A data-driven approximate dynamic programming approach based on association rule learning: Spacecraft autonomy as a case study
Introduction
Dynamic programming (DP) and Markov Decision Process (MDP) offer powerful tools for formulating, modeling, and solving decision making problems under uncertainty [36]. In real-world applications, the applicability of DP-based methods is limited by severe scalability issues, also known as curse of dimensionality [36]. Approximate Dynamic Programming (ADP) proves to be a powerful approach in facing these issues for certain classes of multistage stochastic and dynamic problems [4]. ADP is a flourishing research area, coming from a fruitful cross fertilization of ideas from artificial intelligence, optimal control theory, and operations research. Very recent applications can be found in different fields, e.g., smart home energy management system [24], multi-agent robotic systems [14], and spacecraft operations mission [34].

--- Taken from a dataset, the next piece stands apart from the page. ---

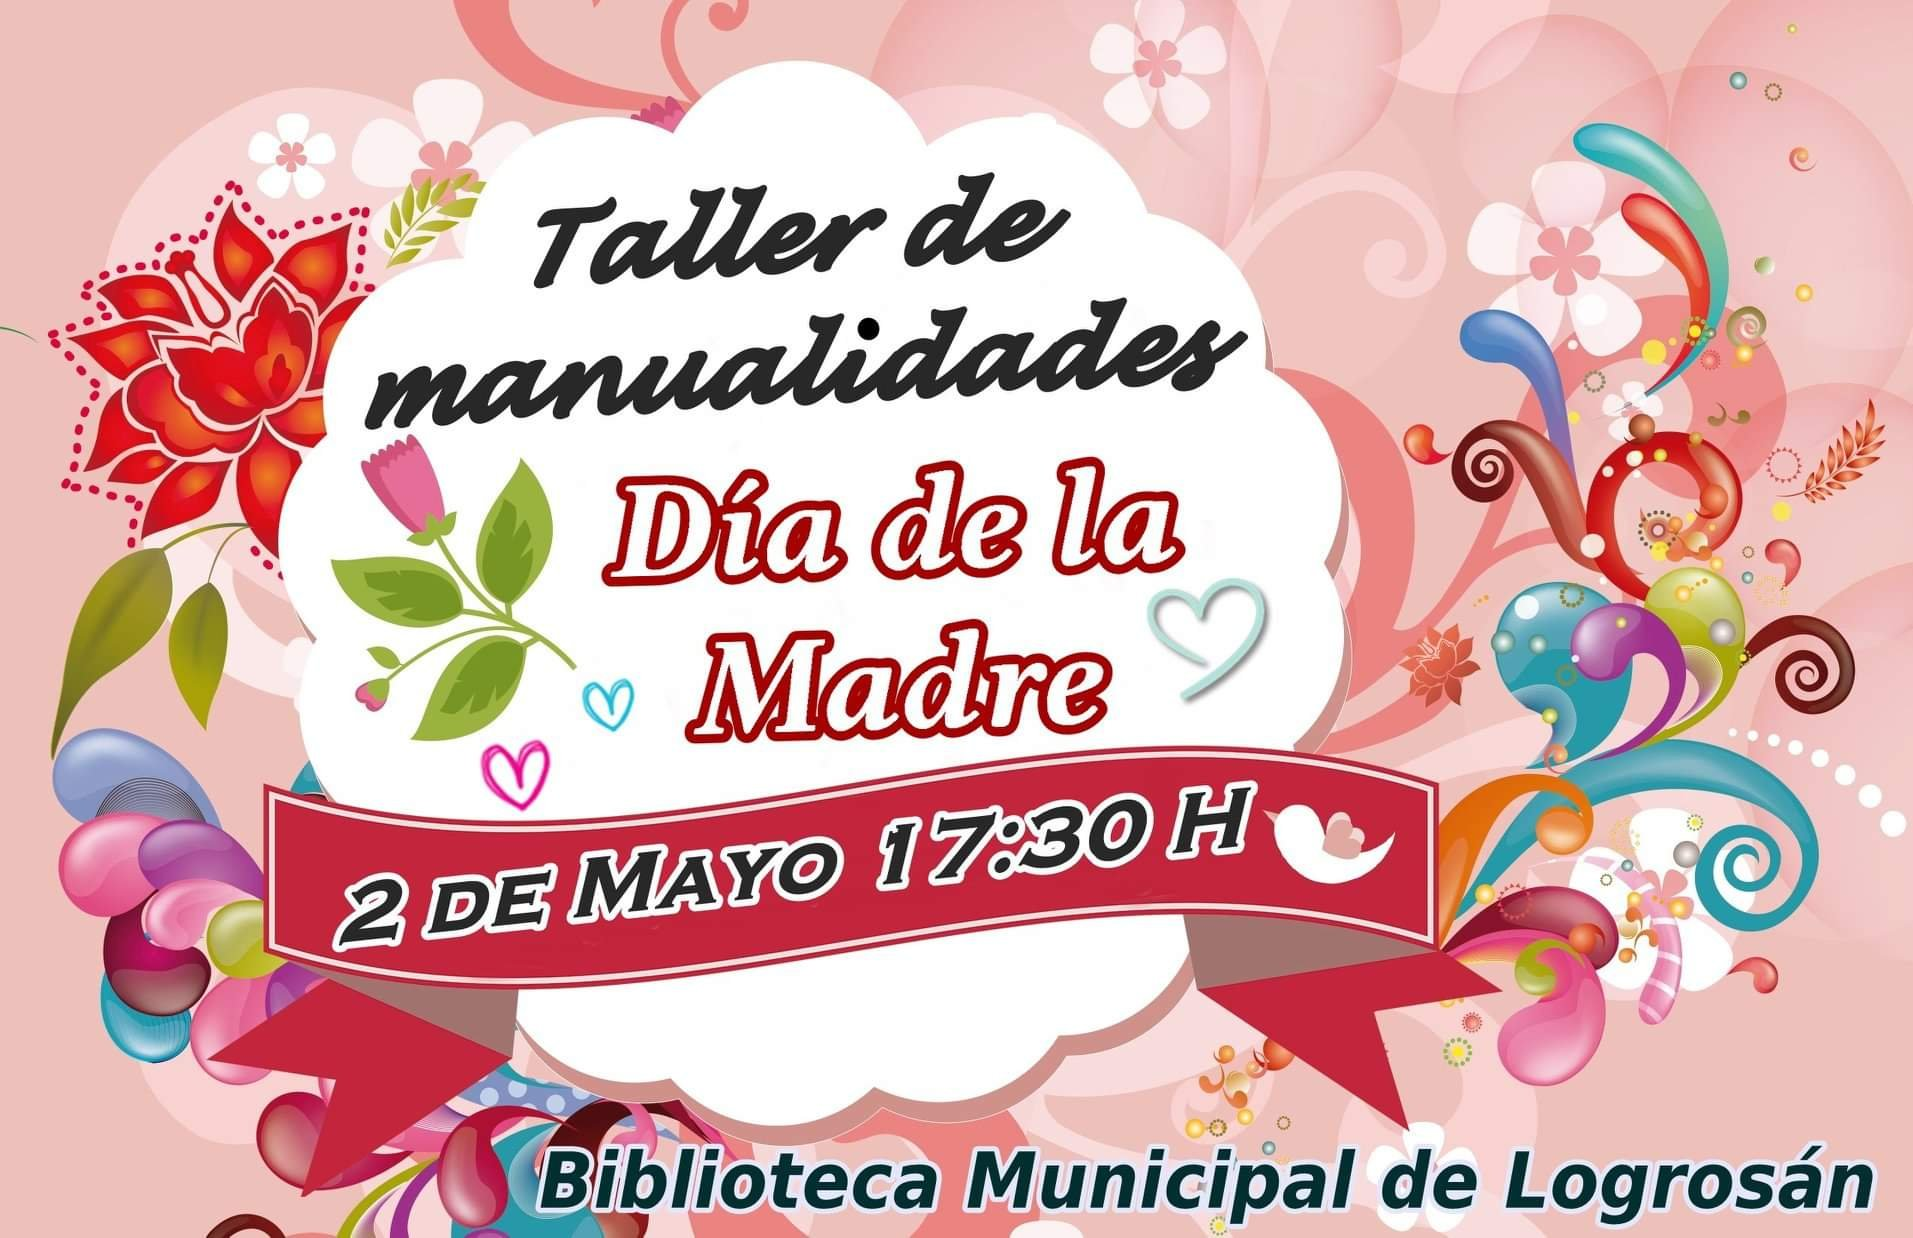 Taller de manualidades del Día de la Madre 2019 - Logrosán (Cáceres)

ADP methods are based on the assumption of having either a good estimation of the underlying state transition probability distributions or a computer simulation framework with the capability of generating samples according to such probability distributions [4]. In ADP-based solutions, planning is actually performed through the construction of sub-optimal policies with respect to specific probability distributions. However, in real applications, they are often difficult to be defined due to many practical reasons, e.g., insufficient or conflicting data needed to estimate precisely state transition models, system modeling uncertainties, as well as partial observability of the system variables. In this context, MDPs are also referred to as Markov Decision Processes with Imprecise Probabilities (MDP-IP) [45]. Computing the exact solution of an MDP-IP problem implies solving a maxmin optimization problem [45]. Although many solutions have been proposed, they have proven to be effective only for a few special cases constituted by a small number of states [12], [18]. To counteract such difficulties, model-free approaches can be also adopted. In this respect, Reinforcement Learning-based solutions offer the possibility of producing autonomous agents interacting with their environments in order to improve their own behaviors over time through trial-and-error procedures [3]. However, such experience-driven learning methods cannot be always applied, e.g., in case of complex safety-critical systems. For instance, as for space mission projects, early phase design stages are usually supported by abstract spacecraft models, where complex system-level requirements have to be proved at a more conceptual level [33]. Moreover, spacecrafts can interact with their own final environment only during their long operational phase, when the probability distributions may change, thus invalidating the policy calculated for a specific stochastic set-up [34].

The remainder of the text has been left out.